Vitreous sample collection: After implantation of the IOL, the tip of a 1.0 ml syringe was inserted into the pars plana (about 3.5 mm behind the scleral limbus) to obtain an undiluted vitreous sample of 0.3-0.5 ml, which was stored in a refrigerator at -80℃ for measurement.

All written informed consent was obtained from the patient(s) (or relative/guardian) for the publication of any/all images, clinical data and other data included in the manuscript.
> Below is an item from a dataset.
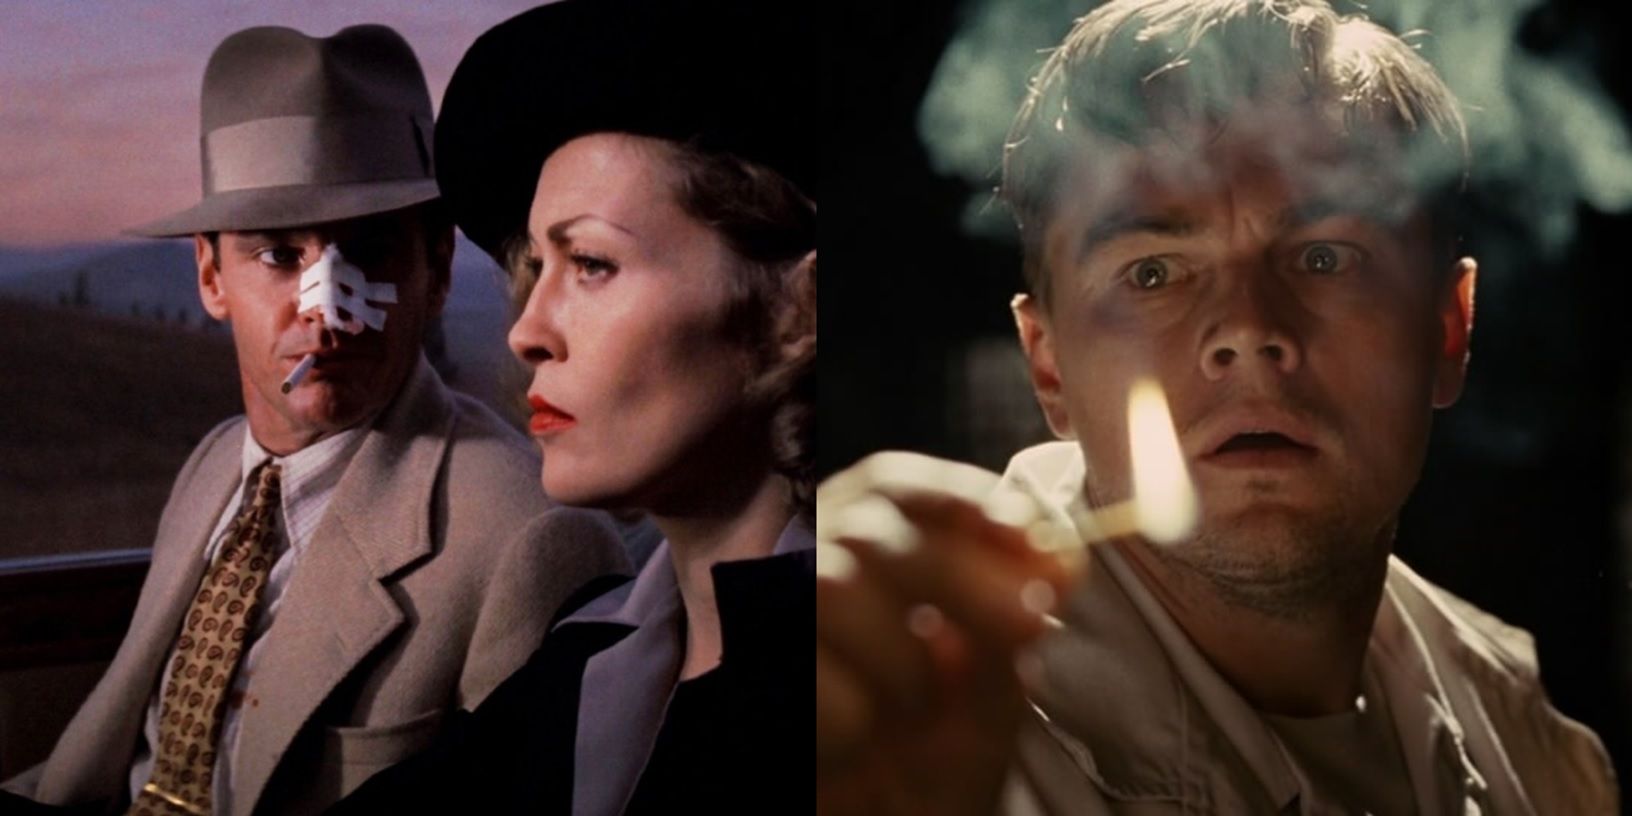 Side by side images of Jack Nicholson in Chinatwon and Leonardo DiCaprio in Shutter Island

We Confirm that the study complies with all regulations.

Sample detection

Concentrations of vascular endothelial growth factor (VEGF), interleukin 6 (IL-6), tumor necrosis factor alpha (TNF-a), monocyte chemotactic protein-1(MCP-1), apolipoprotein A-1 (APOA-1), intercellular cell adhesion molecule-1(ICAM-1), vascular cell adhesion molecule-1(VCAM-1), pigment epithelium-derived factor (PEDF) and Human thrombospondin-1(TSP-1) were measured using human enzyme-linked immunosorbent assay (ELISA) kits (EK183, EK106HS, EK182, EK187, EK1204, EK189, EK190, MultiSciences (Lianke) Biotech Company, China; MK0383A, MK0951A, MK4419A, MEI KE Biotechnology Company, China) according to the manufacturers’ protocols. A microplate reader was used to measure each sample’s optical density at 450 nm, with a correction wavelength set at 630 nm. While the concentrations of VEGF, IL-6, TNF-a, MCP-1, APOA-1, ICAM-1, and VCAM-1 were expressed in picograms (pg)/ml, the concentrations of PEDF and TSP-1 were determined using standards and expressed in nanograms (ng)/mL.

Statistical analysis

The statistical analysis was performed using SPSS statistical software (version 27.0; IBM SPSS Statistic, Armonk, NY, USA). Mean ± standard deviation (M ± SD) was used to express measurement data when they followed a normal distribution. One-way analysis of variance was used for comparison between multiple groups. The group t test was employed to compare the two groups. A p-value of less than 0.05 was considered significant. The interquartile range (IQR) and median were used to express measurement data when they did not fit into a normal distribution. Shapiro-Wilk test was used for normality of the sample distribution. Group difference was compared using nonparametric Mann-Whitney or Kruskal-Wallis test. The Bonferroni method was used for post hoc tests. A p-value of less than 0.05 was considered significant. The chi-square test was employed to compare the count data sets. We counted twice the patients who were included twice to correct for demographic analysis. Blood samples were collected twice. There was a minimum of 15 days between each eye surgery.

Results

General clinical characteristics

In total, 247 patients with 260 eyes with cataracts (control group: n = 60; Pre-DM group: n = 70; DM group: n = 70; DR group: n = 60) were enrolled in this study. Table 1 displays the study group’s demographic and clinical characteristics. Apart from blood glucose-related readings, there were no discernible differences between the various study groups. In Pre-DM group and DM group, patients were further divided into normal fundus and altered fundus group.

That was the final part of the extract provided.